The unencrypted backup that allowed the thief to carry out the attack was made when Shtylman made a manual upgrade earlier and put the data into an unencrypted partition on his disk; Shtylman has so far declined to comment further on the details of the attack, saying that “my current focus is on the future and not the past.” As Bitcoin security experts point out, Bitfloor made not one but two errors that were both necessary to lead to such a severe loss; the first, leaving data stored unencrypted, was an honest and perhaps unavoidable mistake, but it would not have had nearly as much of an effect if there had not also been the second error of leaving so much money in an online-accessible “hot wallet”. Since the Bitcoinica Linode theft, in which an unknown attacker made off with $222,000 worth of bitcoins from Bitcoinica’s hot wallet in March, it has been generally understood that any Bitcoin-holding service should keep the vast majority of its funds in “cold storage”, a term referring to a setup where the private keys never touch any computer that is accessible from the internet.

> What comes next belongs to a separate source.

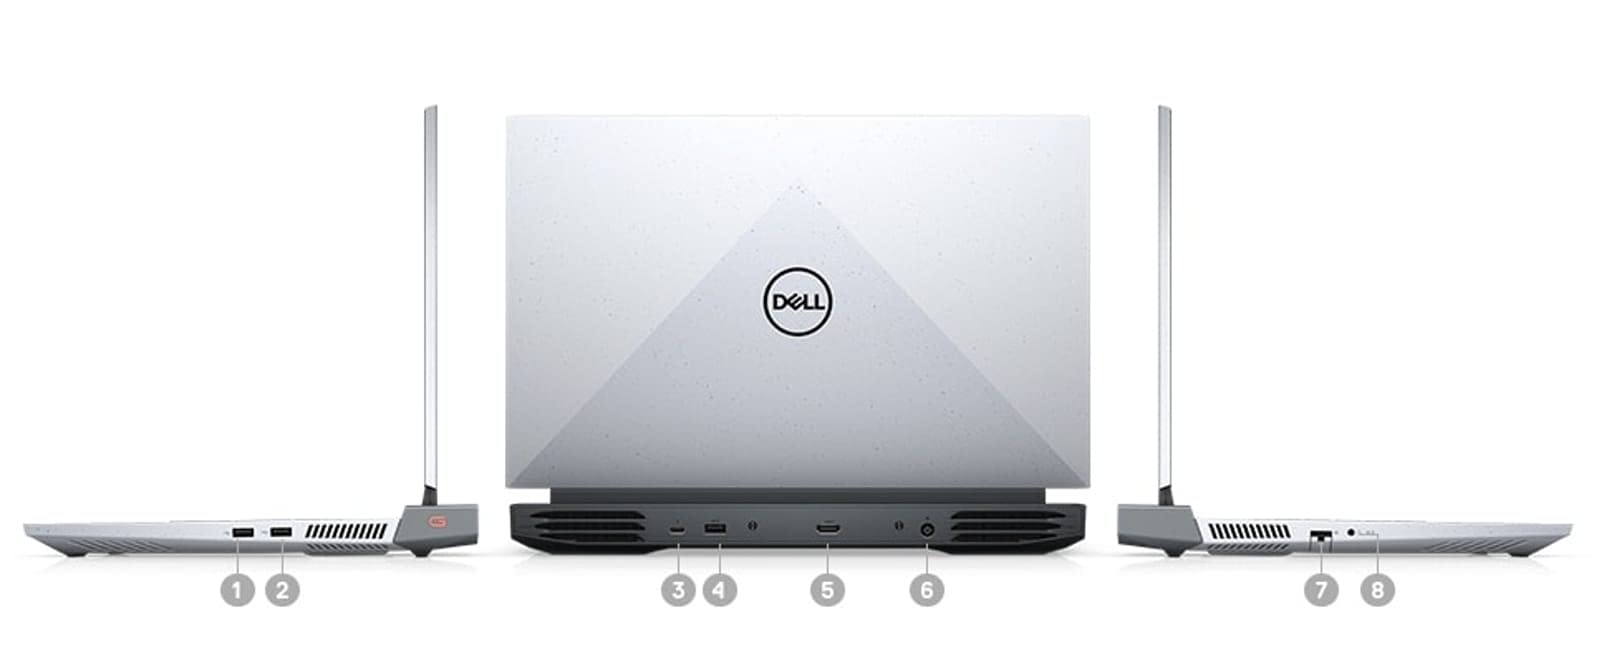 Dell G15 5515 Gaming Laptop (2021) | 15.6

ThomasV, the lead developer behind the Electrum client, lists some security recommendations for Bitcion exchanges here; his seven key points are:
- Don’t store more bitcoins outside of cold storage than you can afford to lose and remain solvent. This ensures that your business will be able to financially survive a hack.
- Deposits should be sent to cold storage addresses directly.

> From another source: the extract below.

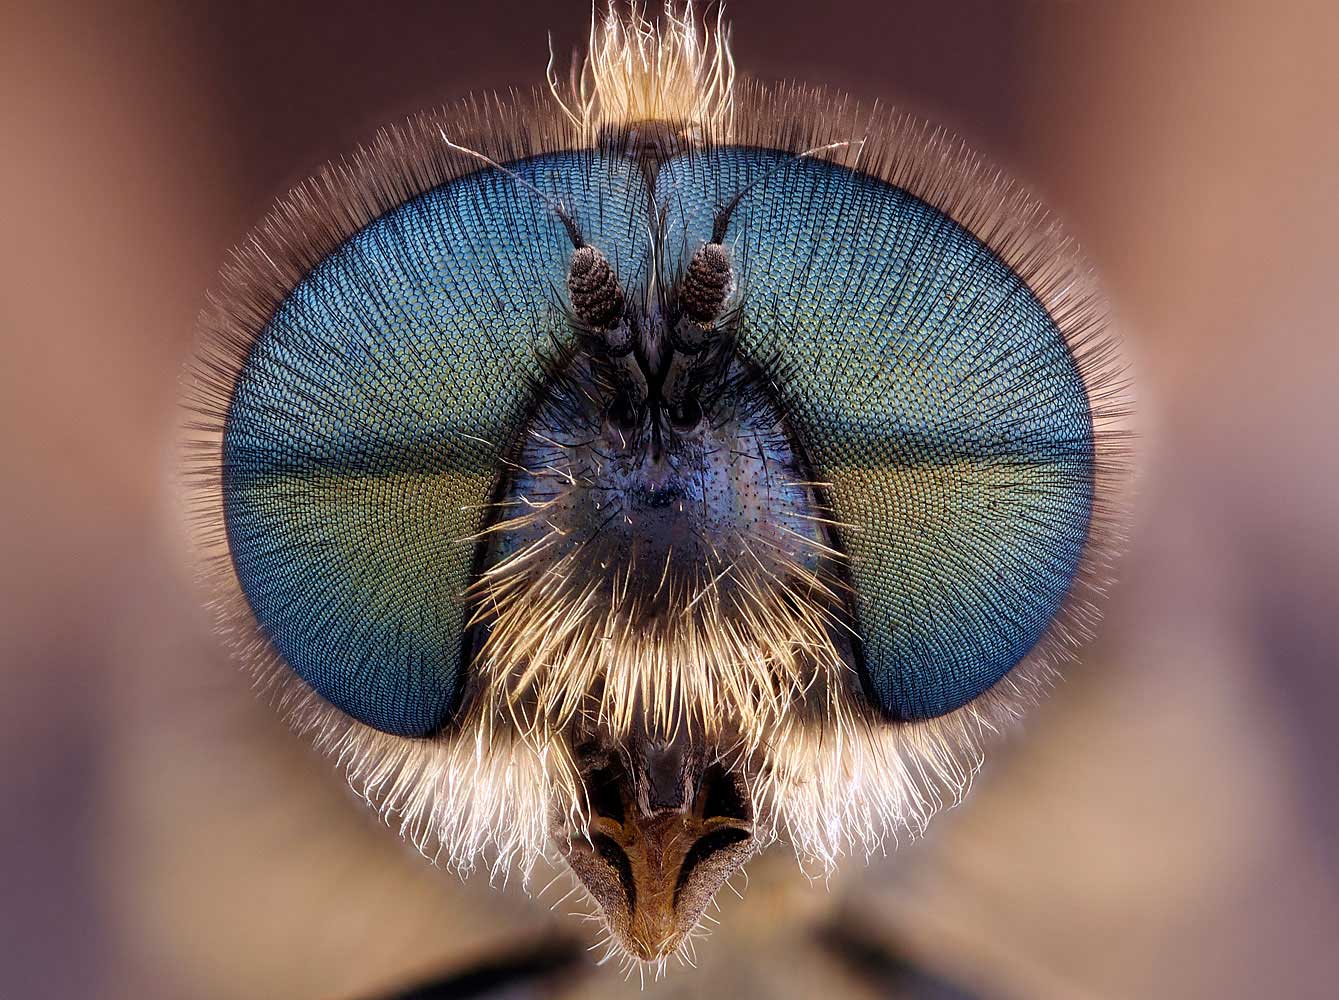 Honorable Mention: Soldier Fly

- Transfer from cold storage to hot storage should be manual only.
- An attacker should not be able to disguise a theft as a series of withdrawals from customers.
- If a withdrawal request exceeds the amount available on the hot wallet, the customer should have to wait. Receiving coins 24 hours later is better than not receiving one’s coins at all.
- Clone your database to a place where an attacker cannot irreversibly modify or delete it from the server.
- Send digitally signed account statements to customers regularly, using a key that is not on the public server.
Taking greater care to protect one’s server from being hacked in the first place is of course the best defense. However, any single layer of defense will invariably make mistakes, and sound Bitcoin service security requires a strong and detailed strategy for mitigating losses based on a defense in depth. Not following proper security procedures may mean seeing your prospering Bitcoin business meet a sudden and untimely end. Given the amount of information and experience available on such matters, not taking the most trivial standard precautions may even open one up to liability due to gross negligence. No matter how big, small, young or established your Bitcoin business may be, it is better to be prepared earlier rather than later.